DI: Bryan Bresee, Clemson
DI: Alim McNeil, NC State
EDGE: Brandon Matterson, UTSA
EDGE: Myjai Sanders, Cincinnati
LB: Zaven Collins, Tulsa
LB: Santrell Latham, Southern Miss
CB: Tariq Woolen, UTSA
CB: Rodarius Williams, Oklahoma State
S: Craig Slocum, Troy
S: Josh DeBerry, Boston College
FLEX: Dionté Ruffin, Western Kentucky


1. D'Eriq King and Rhett Lashlee are cooking up a historically great Miami offense

The U had a lot of hype entering this game with the electric D'Eriq King leading the offense, and they were just as good as advertised.

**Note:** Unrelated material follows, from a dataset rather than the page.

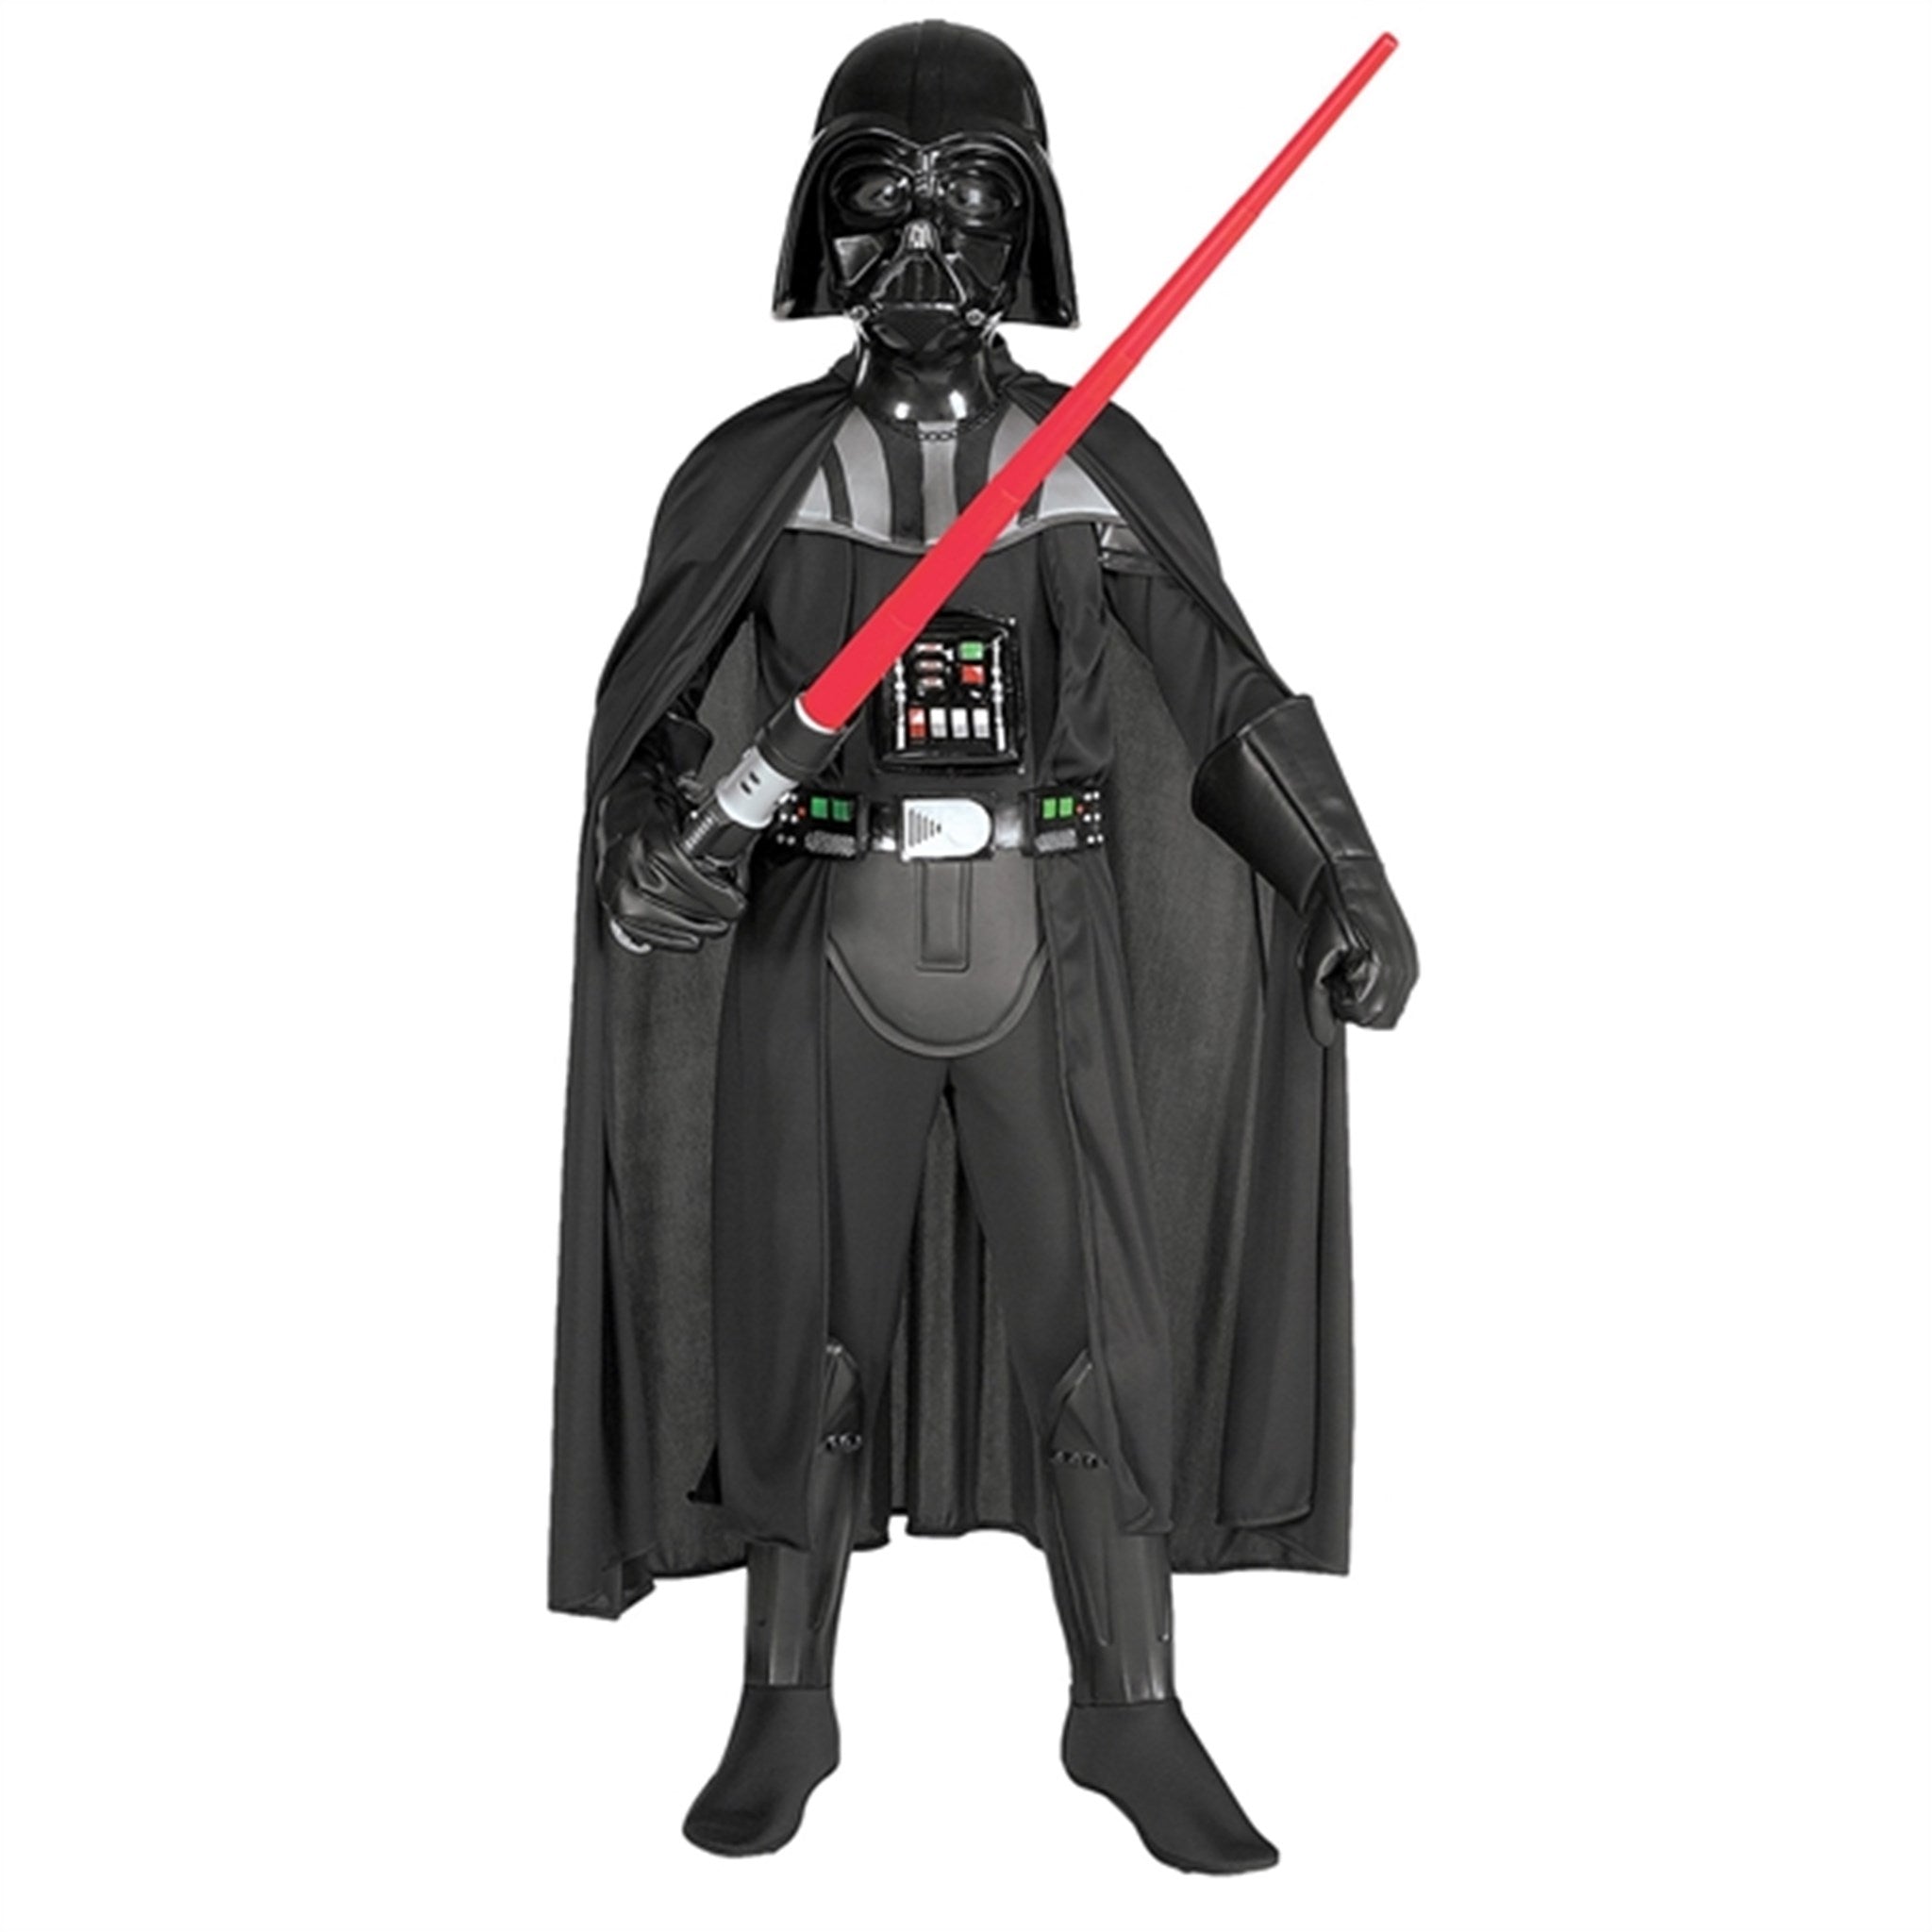 Rubies Star Wars Darth Vader Costume

Miami's offense took down Louisville with relative ease, as they hung 47 on the Cardinals and notched their best passing performance they have had in years. King and offensive coordinator Rhett Lashlee helped the passing attack produce 0.76 EPA per pass play, which is the highest mark the program has ever had in a single game in the PFF College era (since 2014, second-best came in 2016 Week 5, at 0.68). And the scary part is that King didn't have to make any of these big plays off-structure or with his legs like he did quite a bit at Houston and in Week 2 against UAB.

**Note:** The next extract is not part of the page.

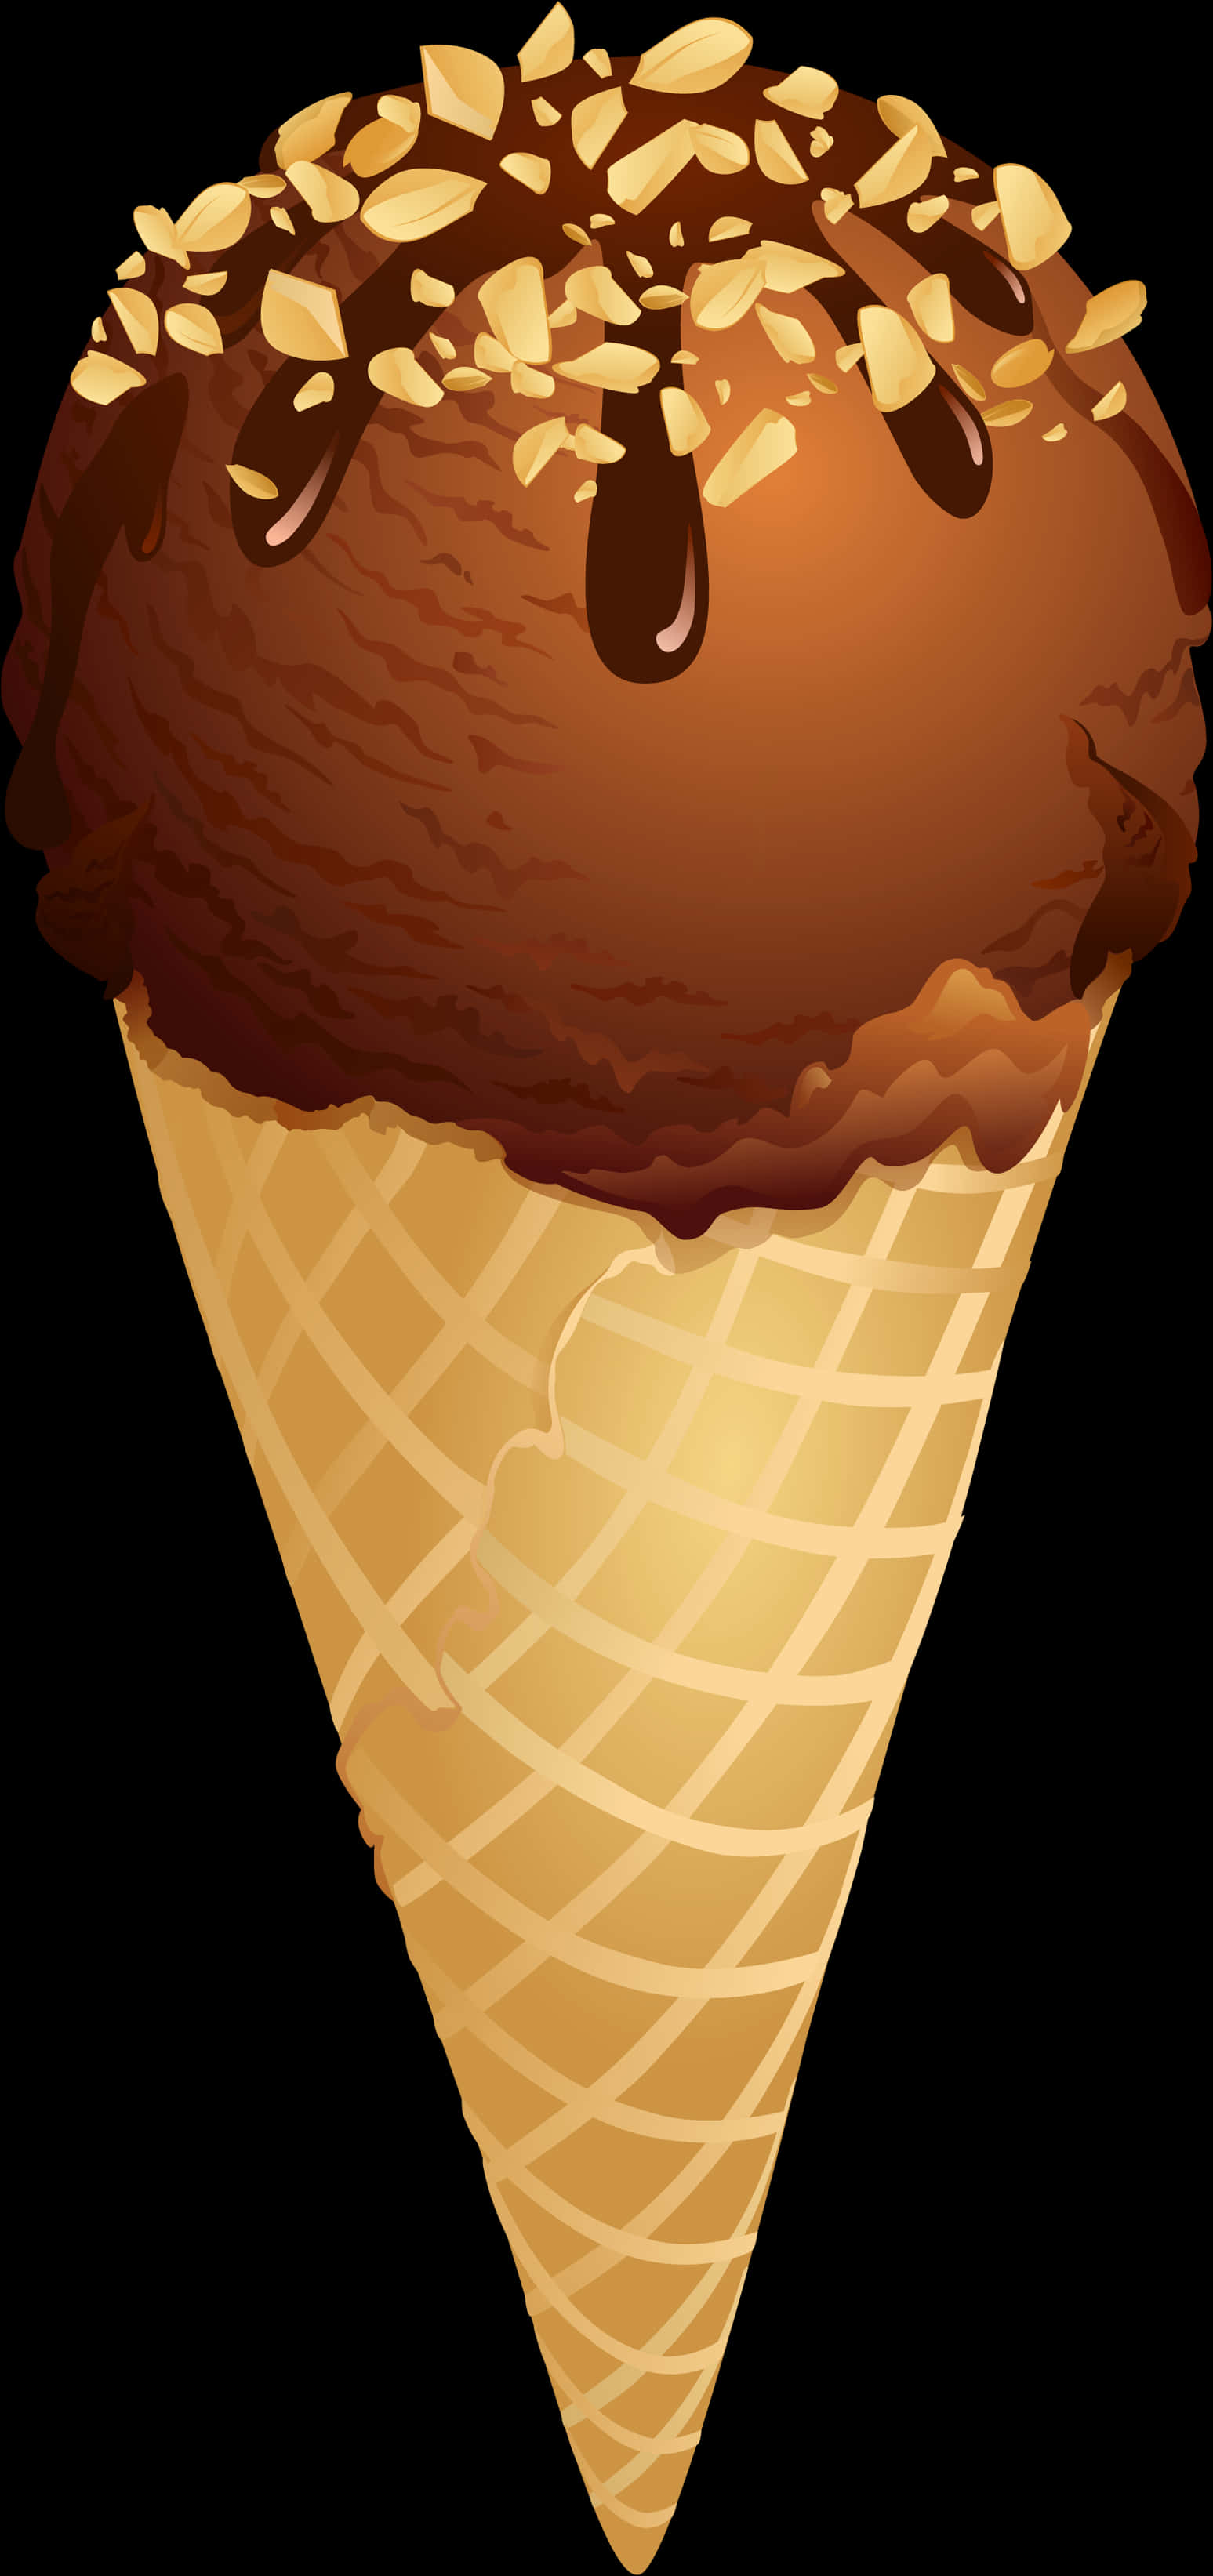 A Chocolate Ice Cream Cone

Just about a third of King's pass attempts last night had some type of RPO or play-action concept attached. Miami produced 1.0 EPA per pass on such plays as King averaged 9.6 yards per attempt while generating a 143.5 passer rating. Even without these plays, Miami still had the most efficient passing attack from an EPA per play standpoint among those in Week 3 to play an FBS defense.

King earned an 84.7 passing grade on the night, keeping his turnover-worthy play count to zero while producing a couple of big-time throws. He will likely also finish the week with the lowest negatively graded throw rate of any quarterback who attempted at least 15 passes in Week 3. 

Miami hasn't produced positive EPA per pass play over the course of a single season since 2016. And even then, this offense with King and Lashlee looks like it'll blow that one out of the water. If I recall correctly, ESPN's Kirk Herbstreit said in the broadcast that this might be the best offense Miami has had since the days of Ken Dorsey in the early part of the century — I 100% agree with that sentiment.

2. Dillon Gabriel looks like an easy top-10 quarterback in all of college football

UCF quarterback Dillon Gabriel was one of the many standout true freshmen at the position last year, as he produced an 81.4 PFF grade that ranked 28th in the entire FBS. That helped him earn a spot in the top 15 in our preseason FBS quarterback rankings, but Gabriel's performance yesterday against Georgia Tech made a case for him being even better than that. As a matter of fact, I think he's in contention for being the best quarterback in the Group of 5 and one of the 10 best in college football.

Gabriel was one of three quarterbacks of Week 3 to produce a passing grade above 90.0. He did have quite a bit of quarterback-fault incompletions to his name (seven to be exact, tied for fifth-most of the week), but none of those were deemed turnover-worthy and no other quarterback had more big-time throws. The true sophomore finished the game with an unreal seven big-time throws, which were three more than any other quarterback.

3. Again, I truly do not understand how an NFL franchise can watch Trevor Lawrence and not want to endure an 0-16 year just to get him in 2021

I explained just how much Trevor Lawrence is worth tanking for in last week's recap. The Clemson quarterback then proved it again in Week 3.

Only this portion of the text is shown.